ALBANY, GA (WALB) - Four metro Atlanta counties were declared disaster areas by the president Thursday. Vice president Joe Biden will be in the Atlanta area to survey the damage.

The disaster declaration makes federal funding available to affected residents of Cobb, Spalding, Douglas, and Cherokee counties. Aid may include grants to help pay for temporary housing, home repairs and other serious disaster-related expenses.

Nine people were killed in the flooding. Damage estimate stand at around $250 million.

The majority of the victims in Atlanta died in the flooded vehicles, swept away by rain-swollen creeks and streams.

And in it least one case, a Gwinnett County woman had time to call 911 to say she was floating in a flooded mini-van that was slowing sinking.

Would we know what to do if we were trapped inside a sinking vehicle?  It only takes six inches of standing water to reach the bottom of most passenger cars, causing a loss of control and stalling.

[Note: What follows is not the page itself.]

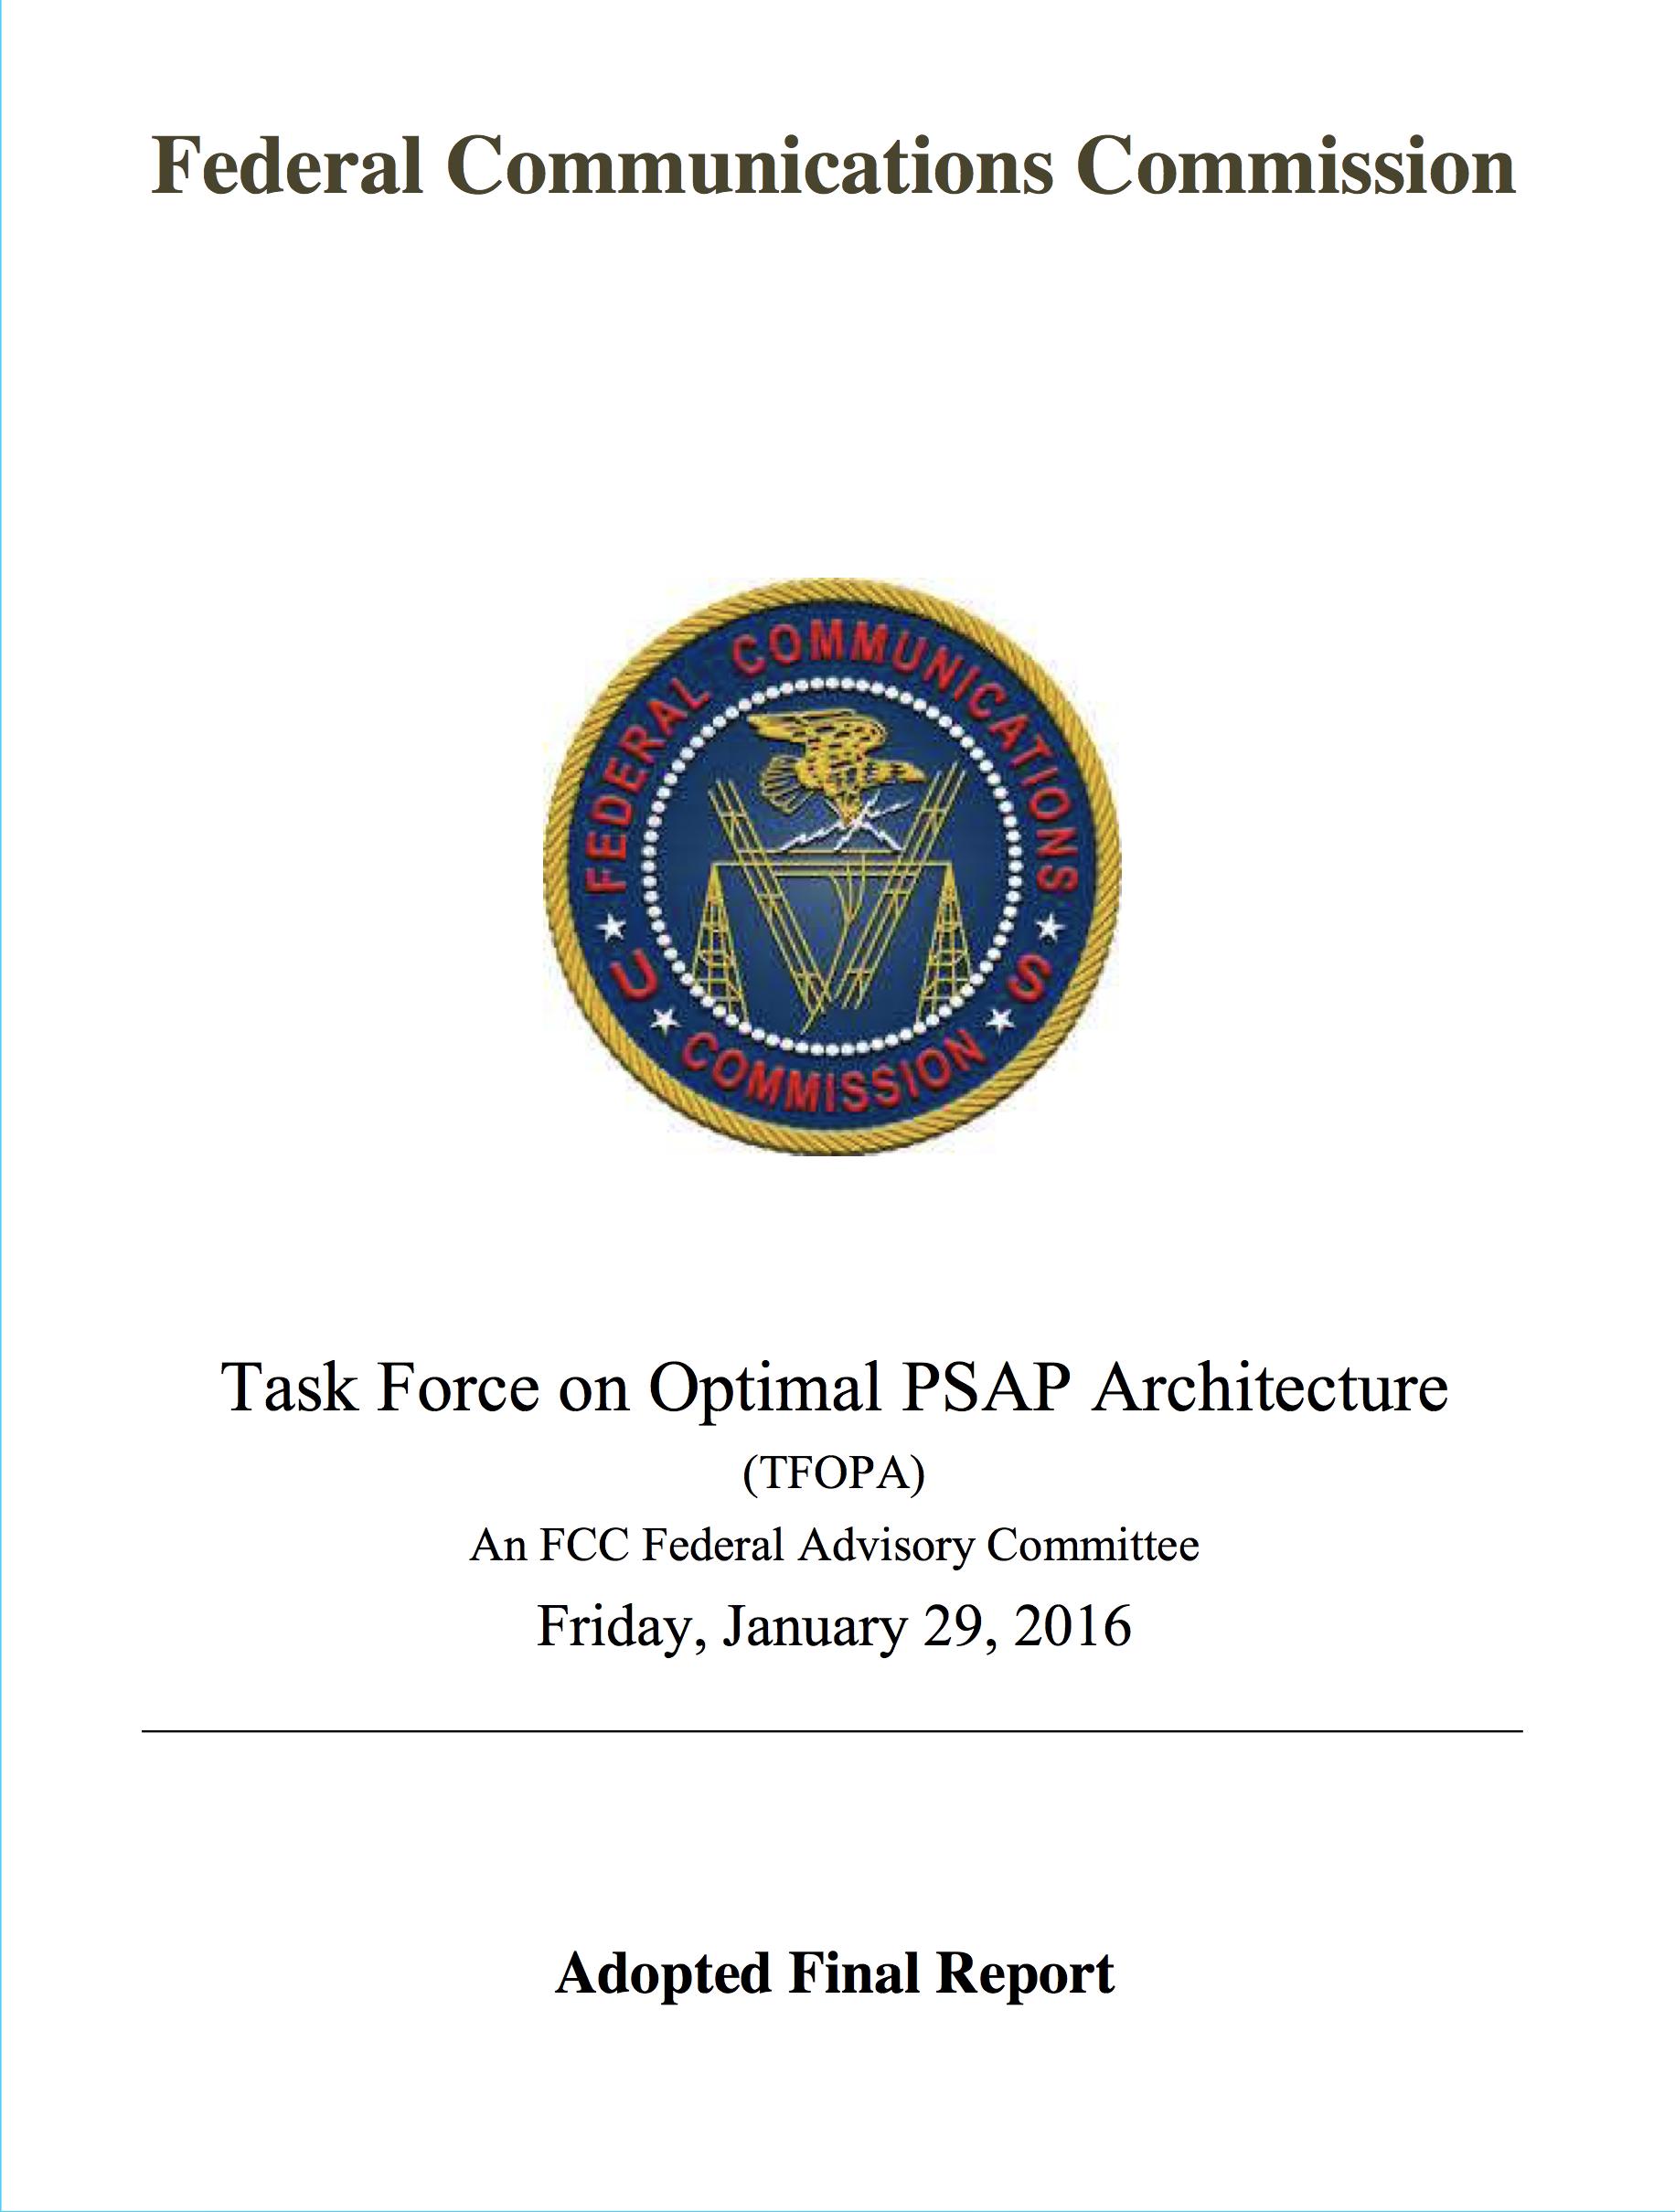 FCC: Optimal PSAP Architecture

In a foot of water, that's only this deep a car will float, so the best advice from emergency responders, never drive into standing water.

Five of the nine people killed in north Georgia floodwaters died in their submerged vehicles. Last spring when southwest Georgia was drenched in 15 inches of rain drivers in Albany and Thomasville had to be rescued when flood waters swallowed their cars. Emergency responders say the best advice is never to drive across a flooded roadway.

"The best thing to do is stay out of water if you don't know what the bottom looks like," said Dougherty Co. EMA Director James Carswell.

If you find yourself trapped, here's what you need to know. "The first thing you do is roll down the windows, whether electric or manual," said Carswell.

Hold on tight to a part of the car, like a steering wheel, when water fills the car swim out.

"Your best chance of survival if you're in running water is getting out of the vehicle and either using the vehicle for a floatation device or a stationary object to climb onto like a tree or another stationary object," said Carswell. 

Keep in mind if water covers the electrical contacts it's going to short out your electric windows in that case something like this life hammer might help.

"There are things like spring loaded punches that will actually break tempered glass."

Don't try the front windshield, it's double paned glass and resistant to break, always use a side window.

"Obviously the side windows are the ones if you're going to go that route."

The last thing which is the toughest, is not to panic. Emergency officials say you have about 30 seconds to get out of a sinking car.

That's why they say understanding how to escape a sinking car is something to stop and think about incase you ever end up in that situation.

Drowning ranks fourth on the list for unintentional injuries. Two feet of rushing water can carry away most vehicles including SUV's and Pick-ups.